Work required:
Leave out the images and repeat the listing below without a single change.

Provided data:
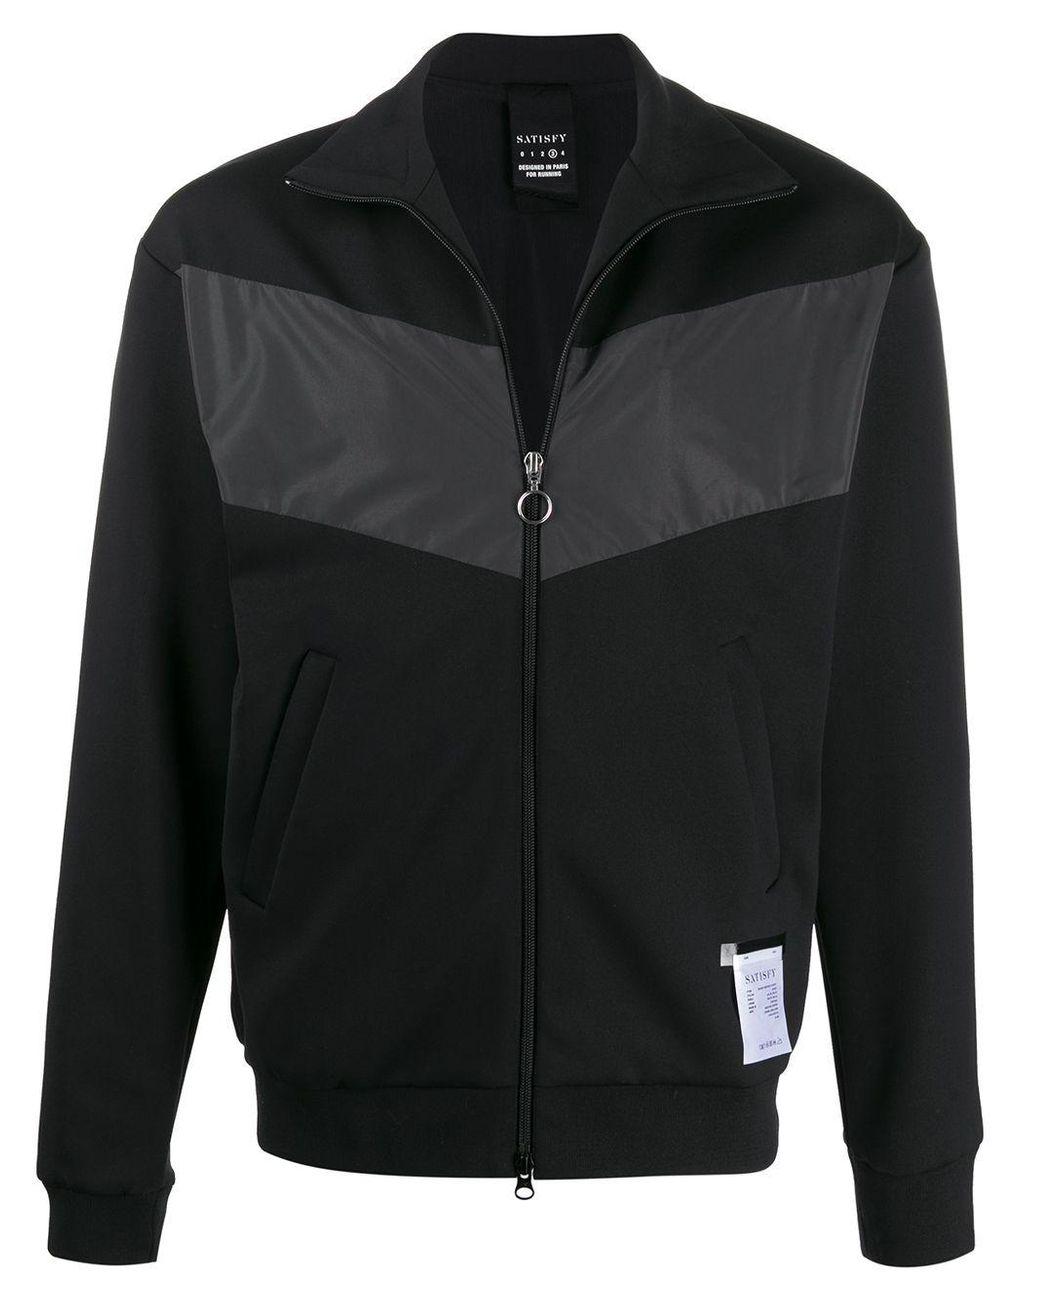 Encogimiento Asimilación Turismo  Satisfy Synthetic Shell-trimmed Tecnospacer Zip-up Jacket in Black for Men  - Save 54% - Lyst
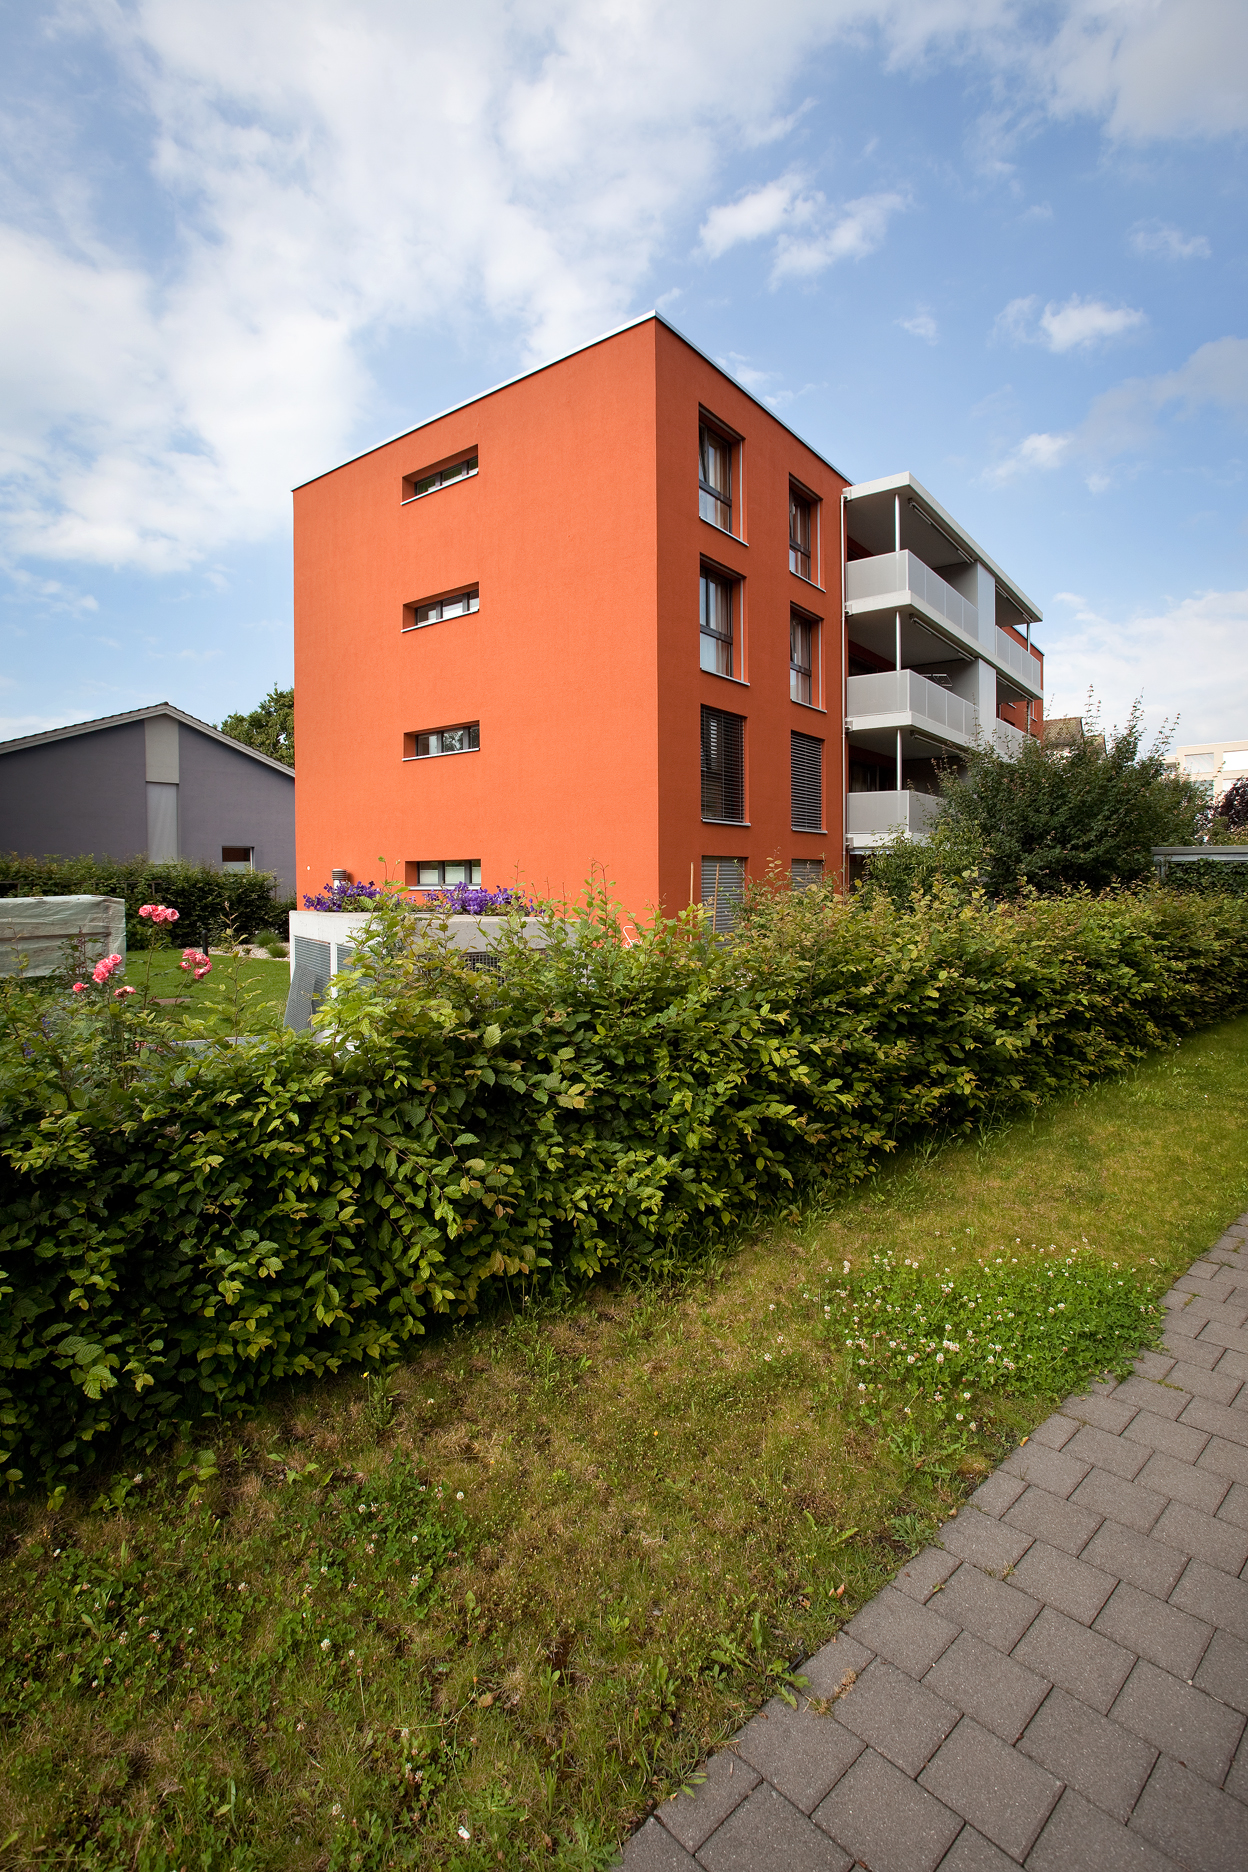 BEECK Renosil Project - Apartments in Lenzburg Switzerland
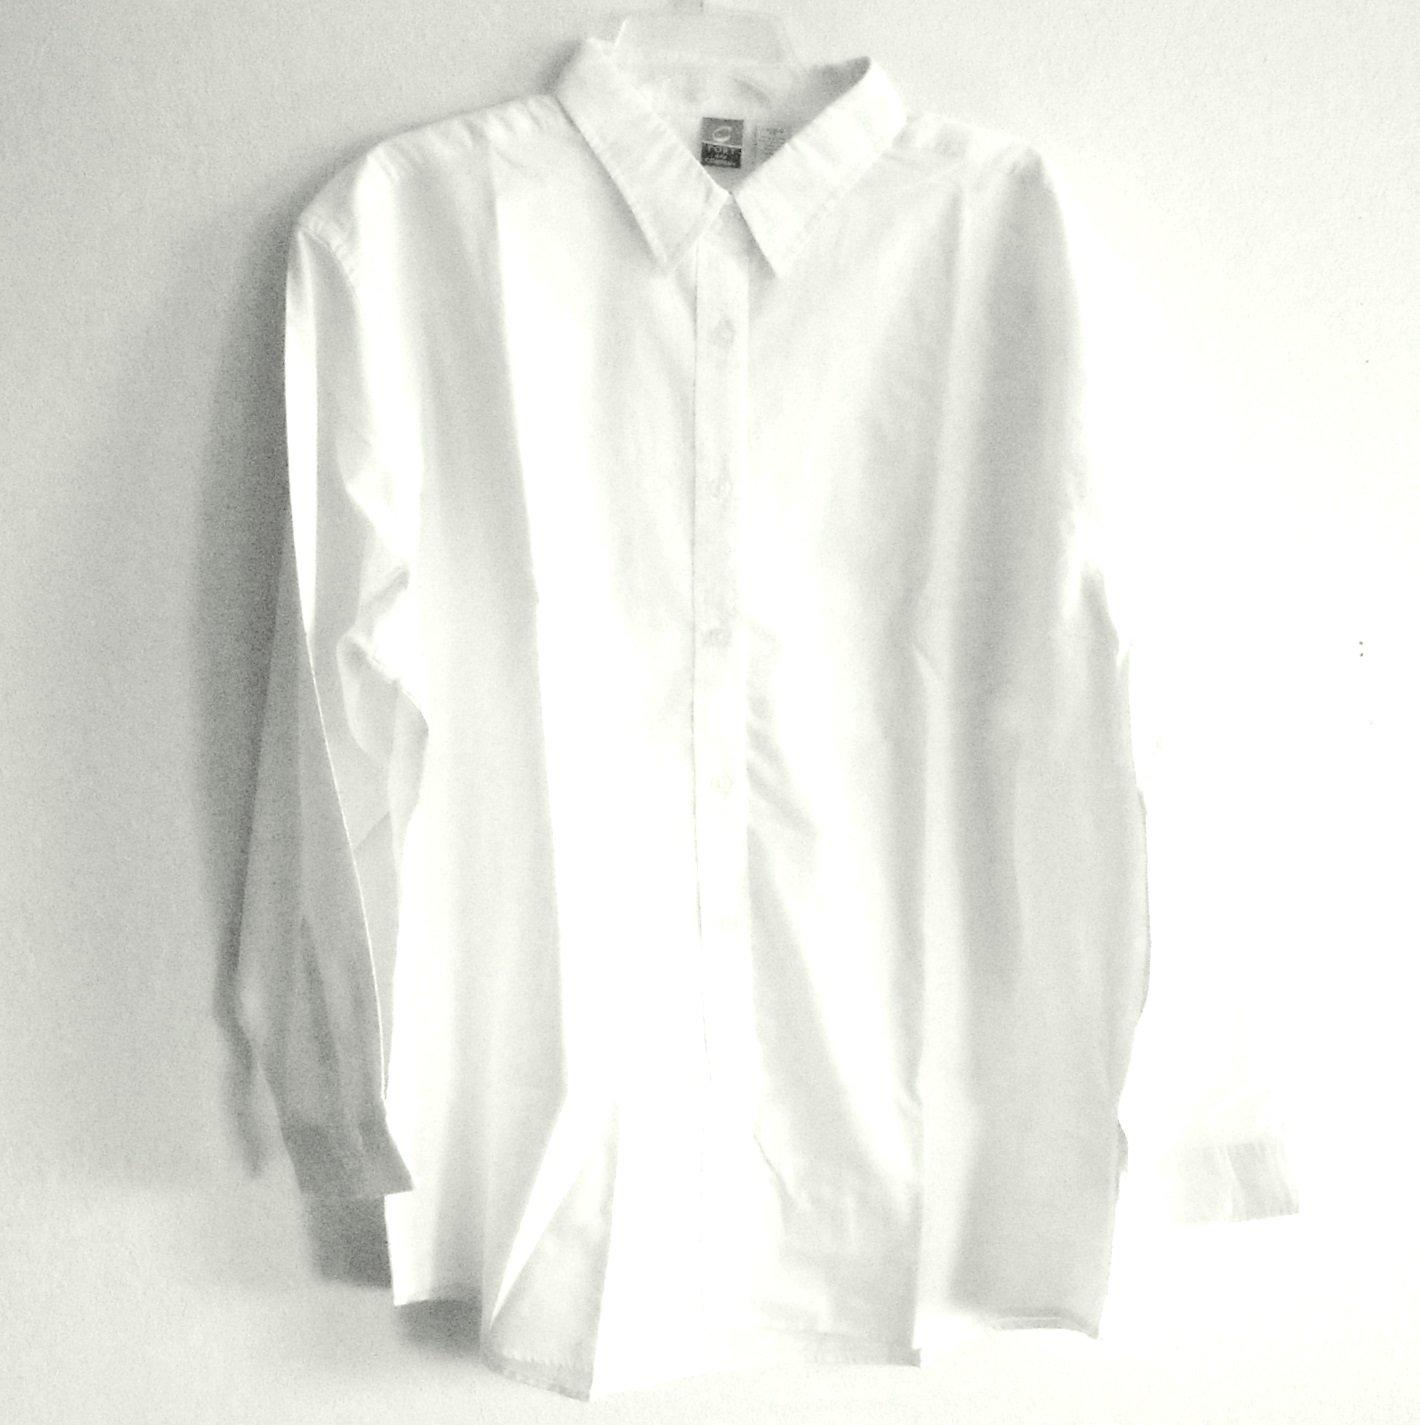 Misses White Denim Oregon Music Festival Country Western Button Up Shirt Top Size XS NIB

Task result:
 Encogimiento Asimilación Turismo  Satisfy Synthetic Shell-trimmed Tecnospacer Zip-up Jacket in Black for Men  - Save 54% - Lyst
 BEECK Renosil Project - Apartments in Lenzburg Switzerland
 Misses White Denim Oregon Music Festival Country Western Button Up Shirt Top Size XS NIB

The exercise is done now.